* EXERCISE DETAILS
Transcribe the data in full and exactly, omitting any pictures.

* DATA SEGMENT
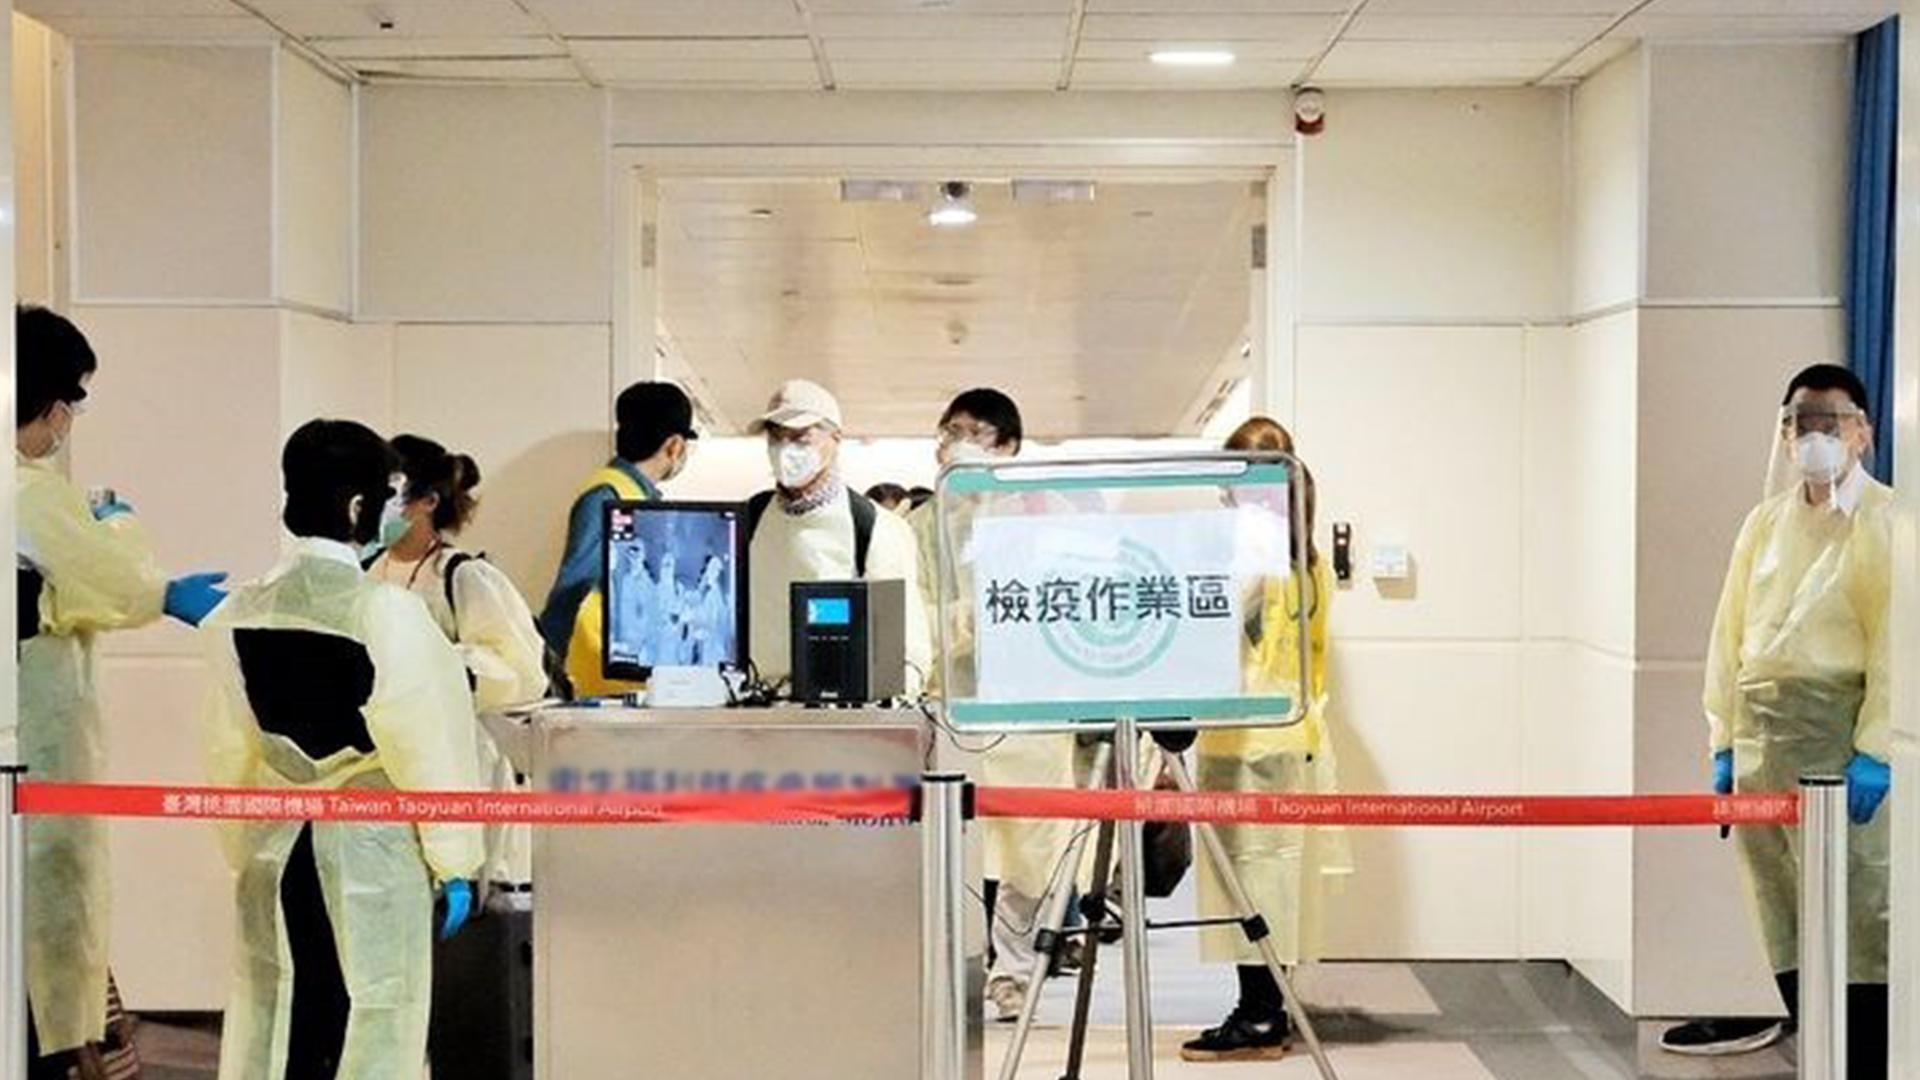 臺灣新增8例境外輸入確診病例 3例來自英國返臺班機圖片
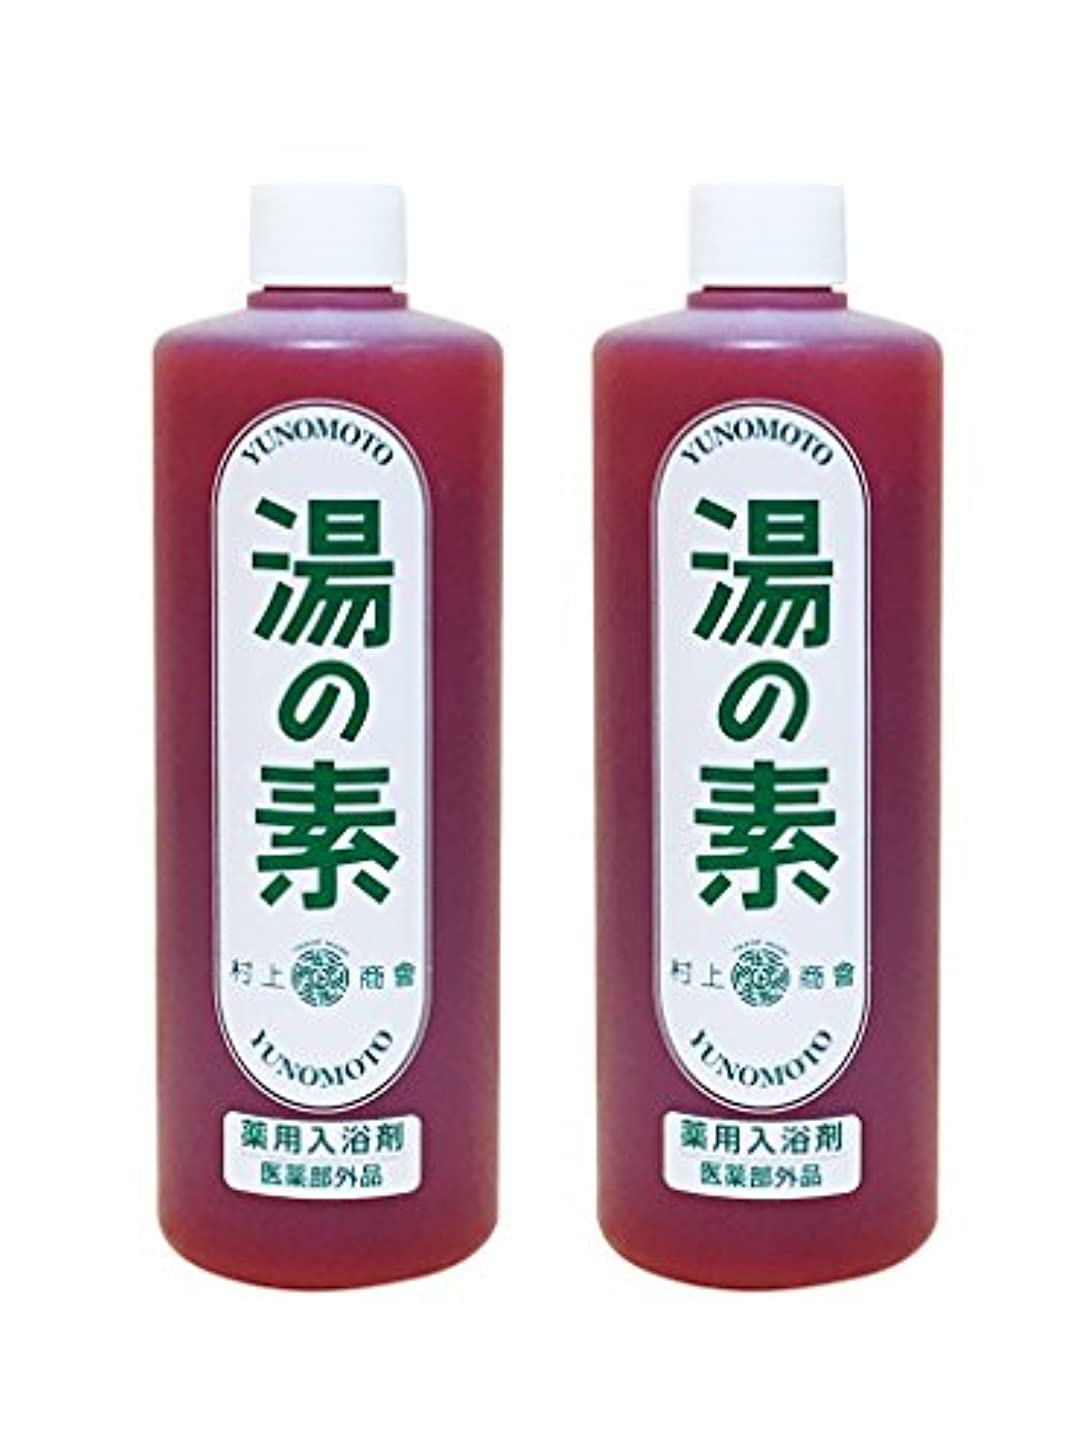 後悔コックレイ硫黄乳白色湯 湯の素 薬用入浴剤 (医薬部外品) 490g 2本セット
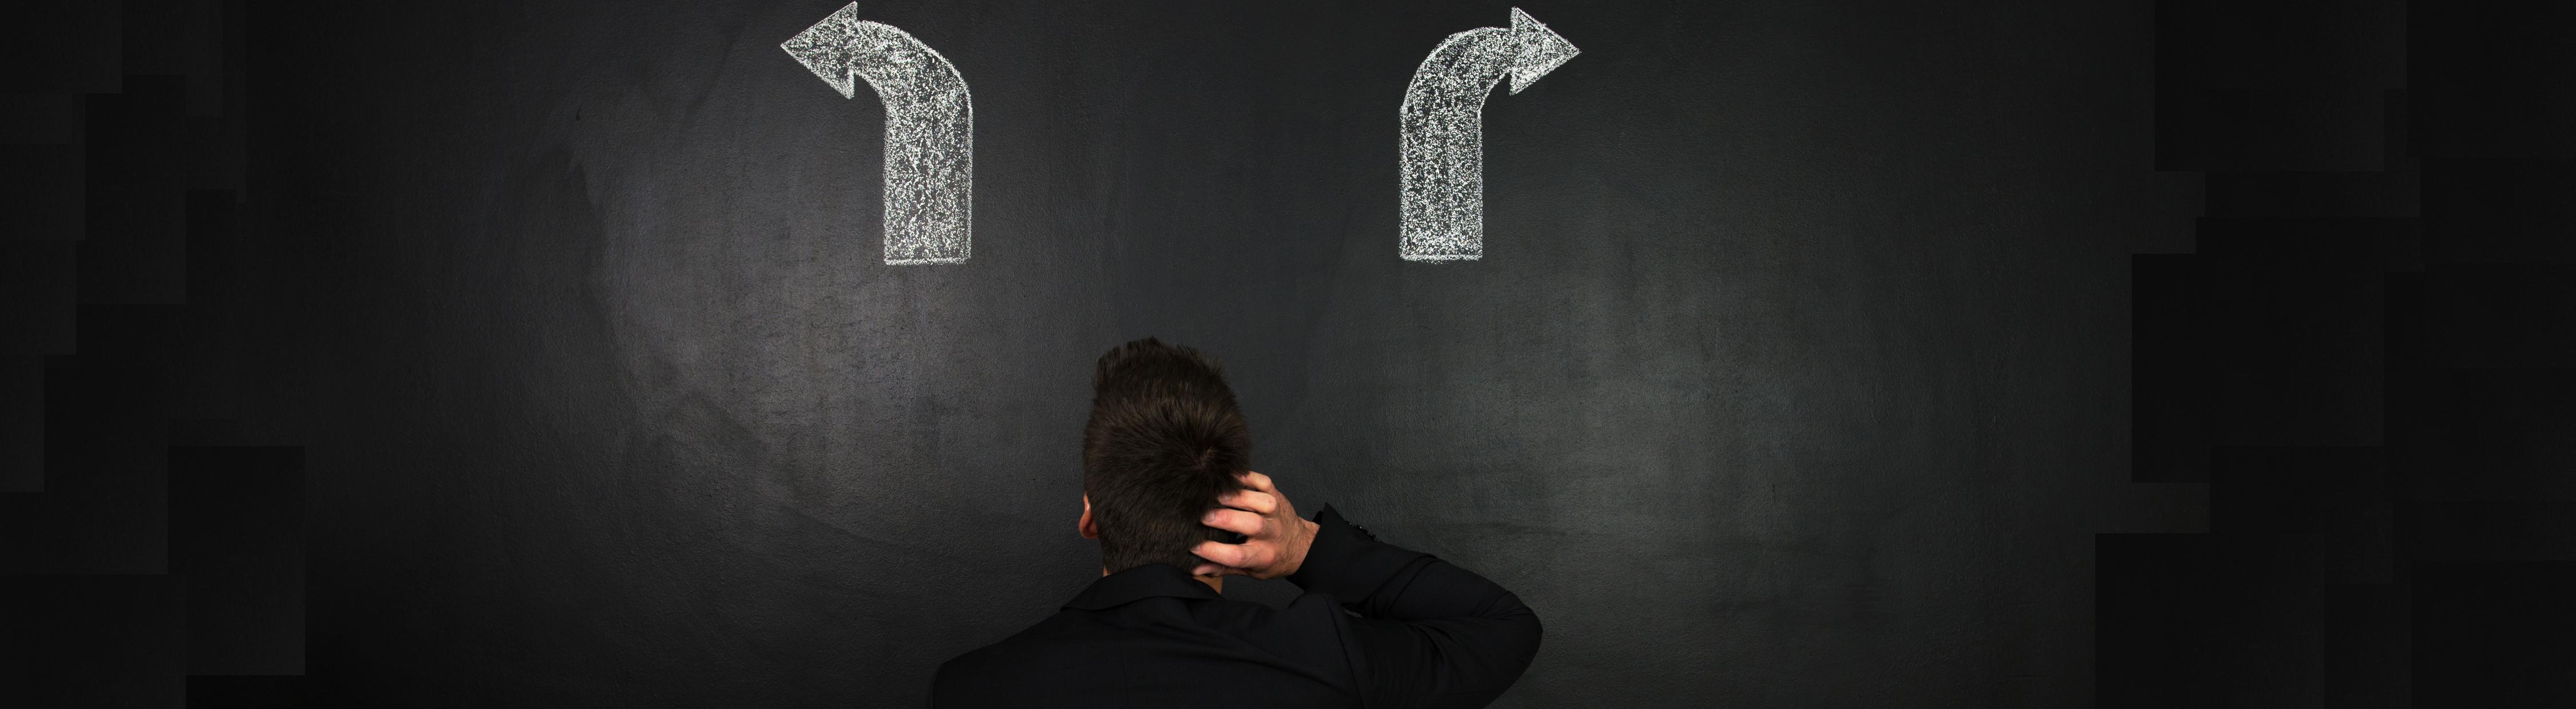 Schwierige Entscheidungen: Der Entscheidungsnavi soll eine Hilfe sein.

* SOLUTION TO THE EXERCISE
 臺灣新增8例境外輸入確診病例 3例來自英國返臺班機圖片
 後悔コックレイ硫黄乳白色湯 湯の素 薬用入浴剤 (医薬部外品) 490g 2本セット
 Schwierige Entscheidungen: Der Entscheidungsnavi soll eine Hilfe sein.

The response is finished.